▶ **Task description**:
Please restate the data that follows word for word, with the pictures left out.

▶ **Recorded information**:
....................

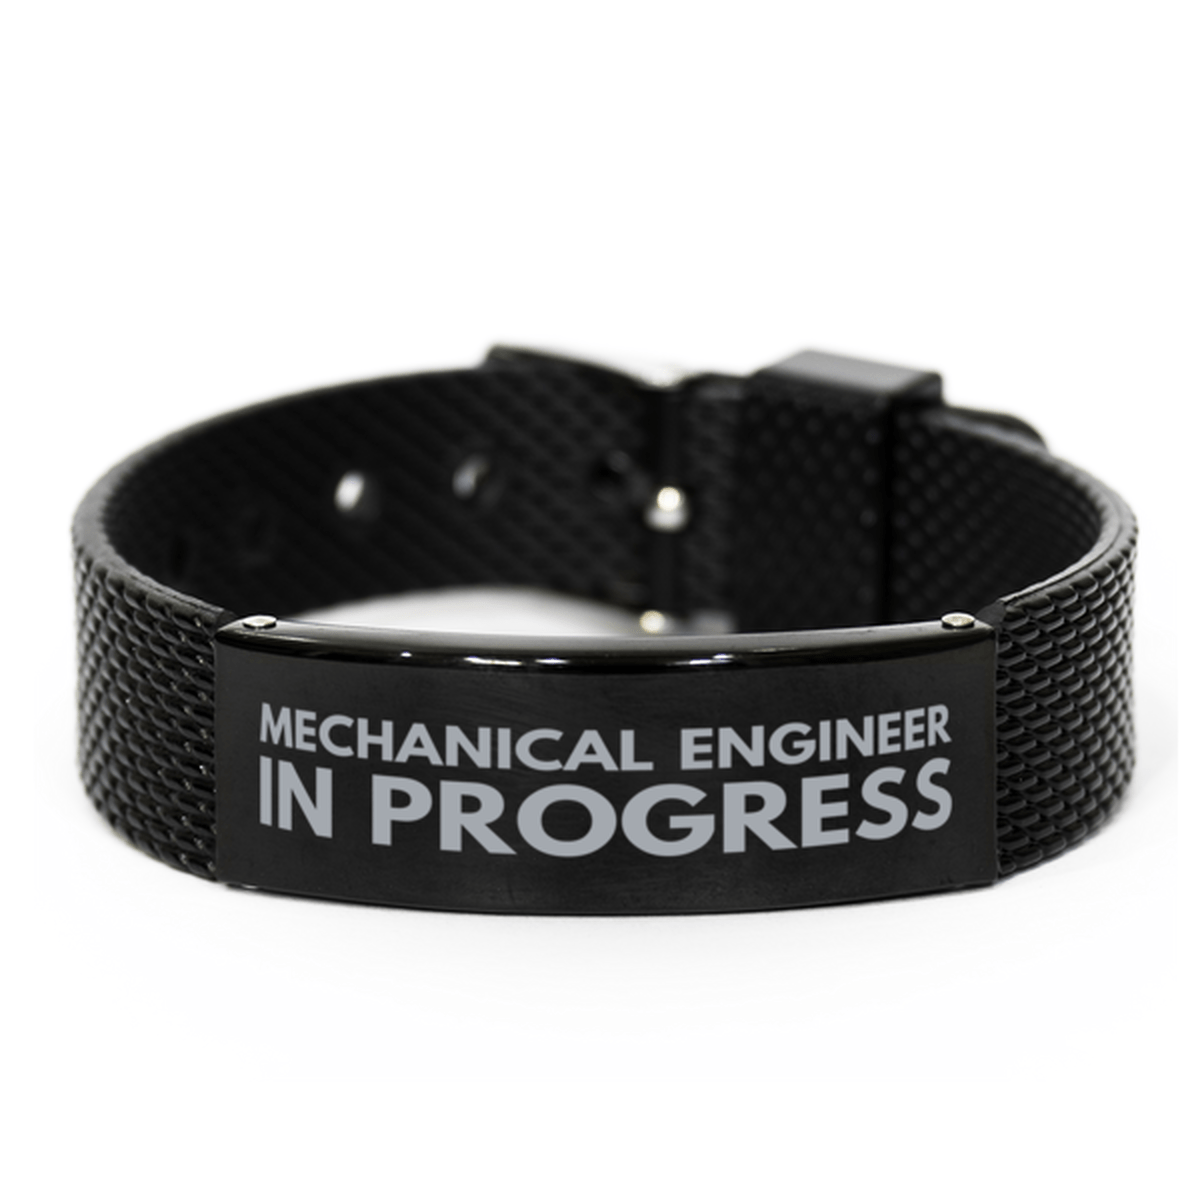 Inspirational Mechanical Engineer Black Shark Mesh Bracelet, Mechanical Engineer In Progress, Best Graduation Gifts for Students
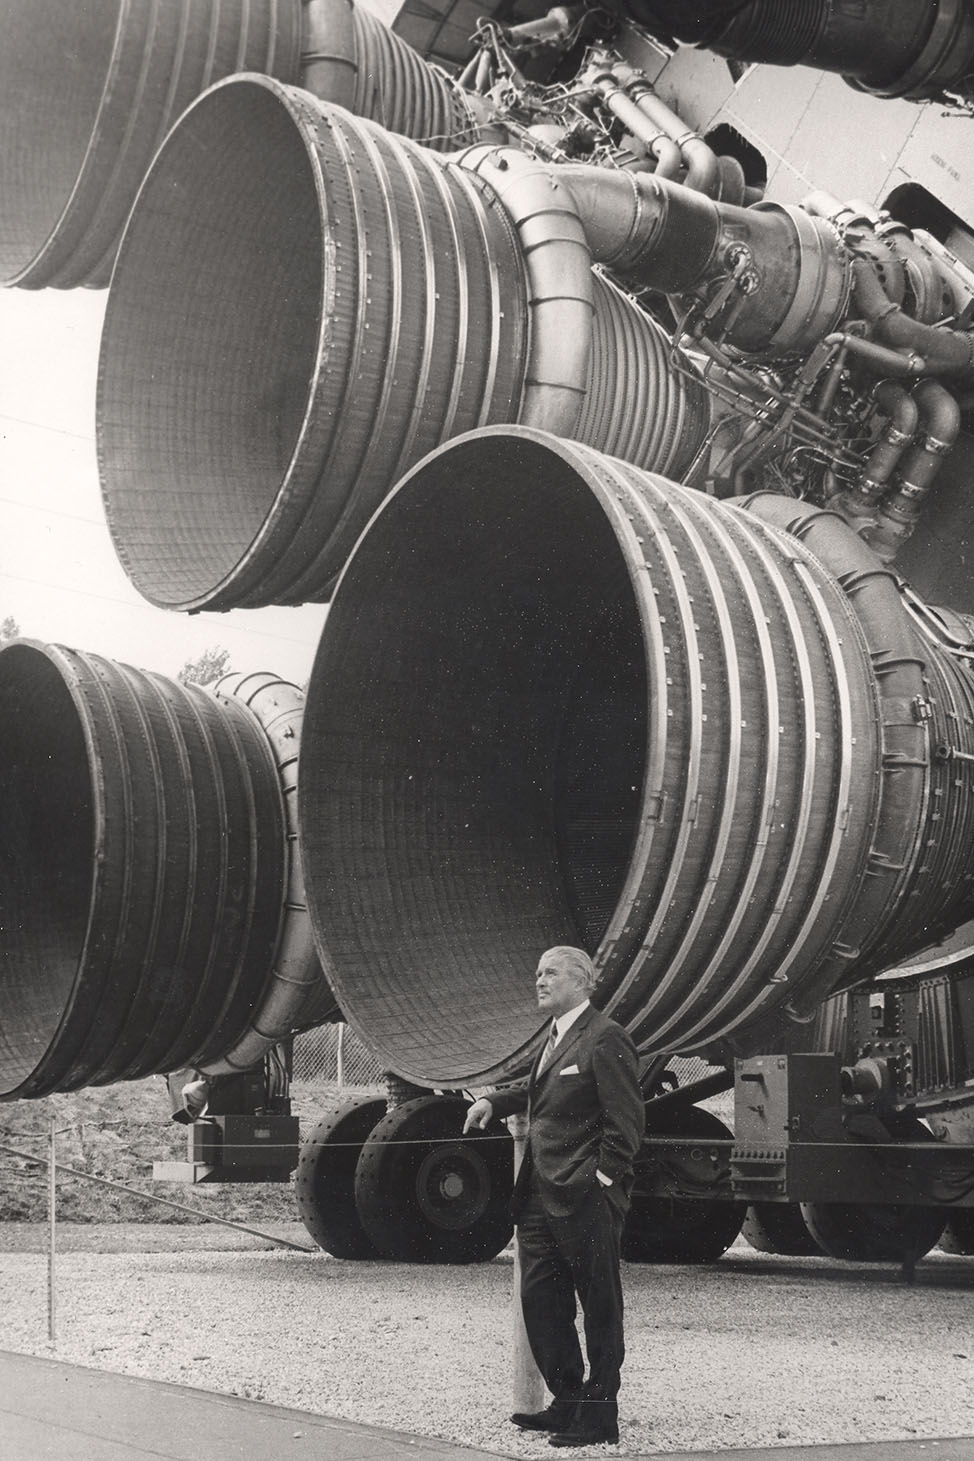 Test flight of the Saturn V
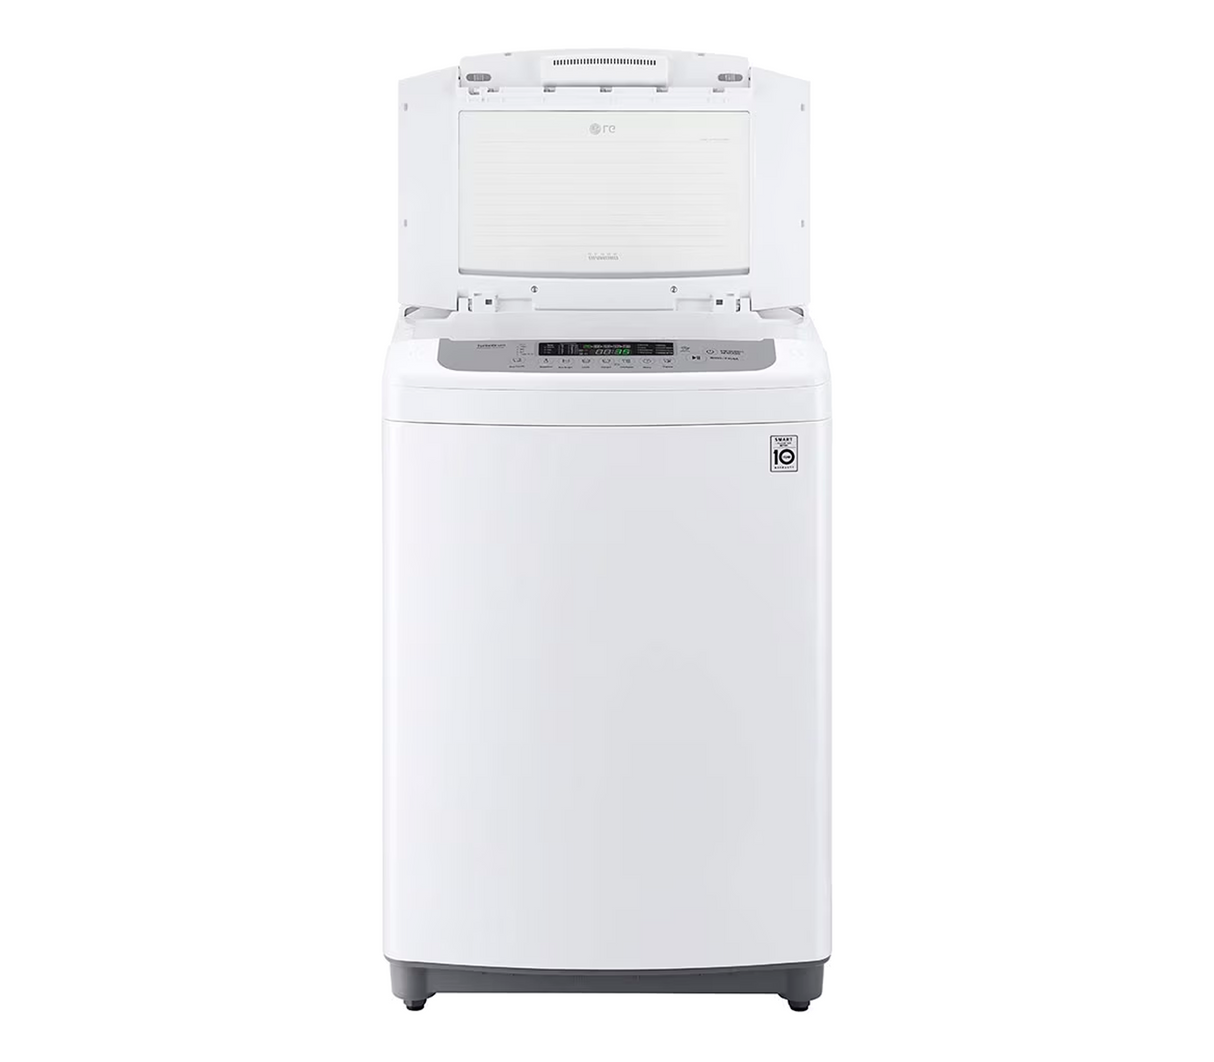 Lavadora automática inverter 15 kg blanca LG
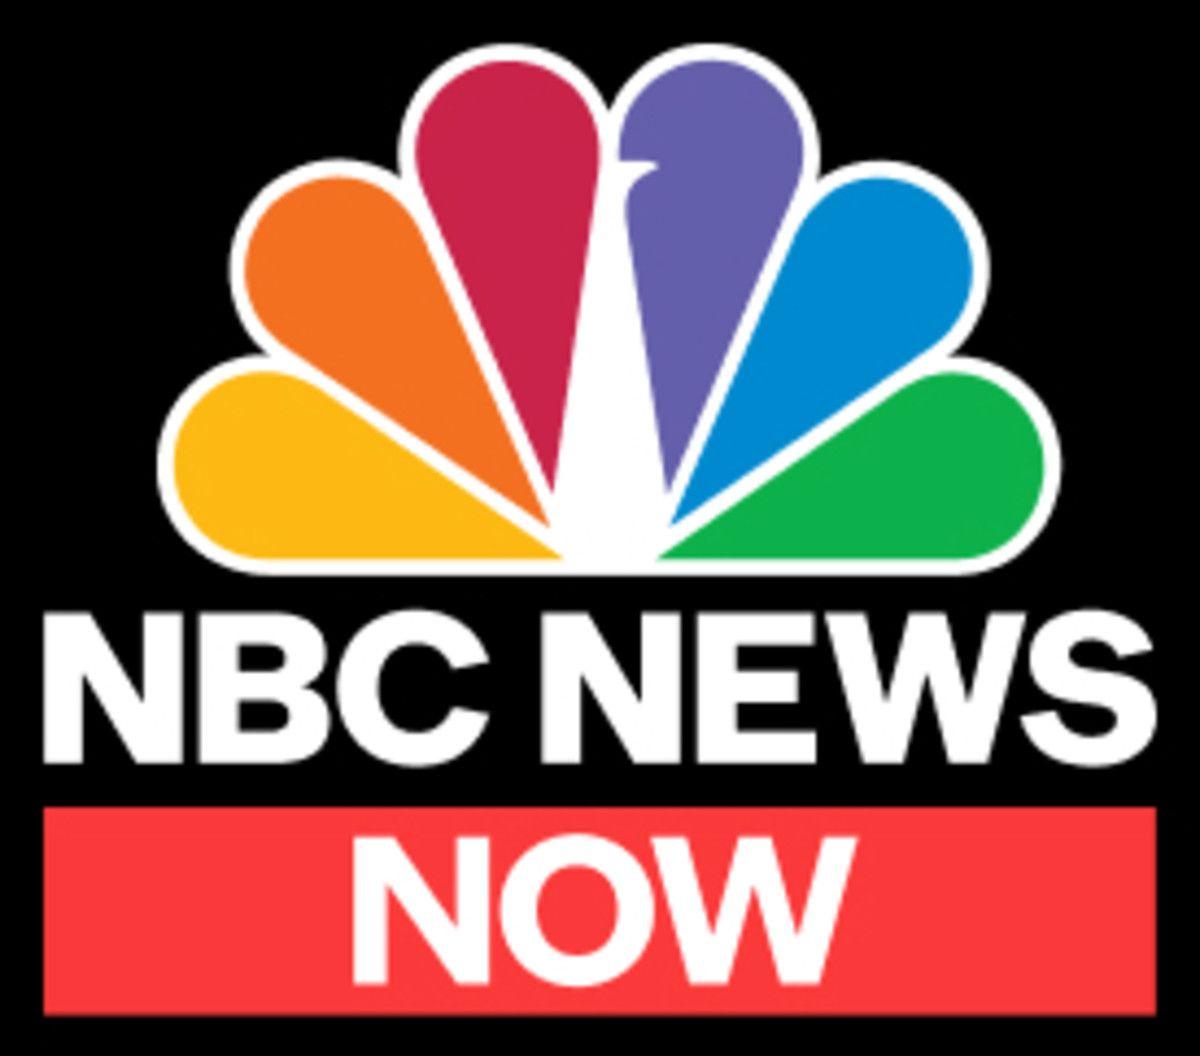 Ott Logo - NBC News Now Expands Live OTT Programming - Broadcasting & Cable

....................

▶ **Completed exercise**:
 Inspirational Mechanical Engineer Black Shark Mesh Bracelet, Mechanical Engineer In Progress, Best Graduation Gifts for Students
 Test flight of the Saturn V
 Lavadora automática inverter 15 kg blanca LG
 Ott Logo - NBC News Now Expands Live OTT Programming - Broadcasting & Cable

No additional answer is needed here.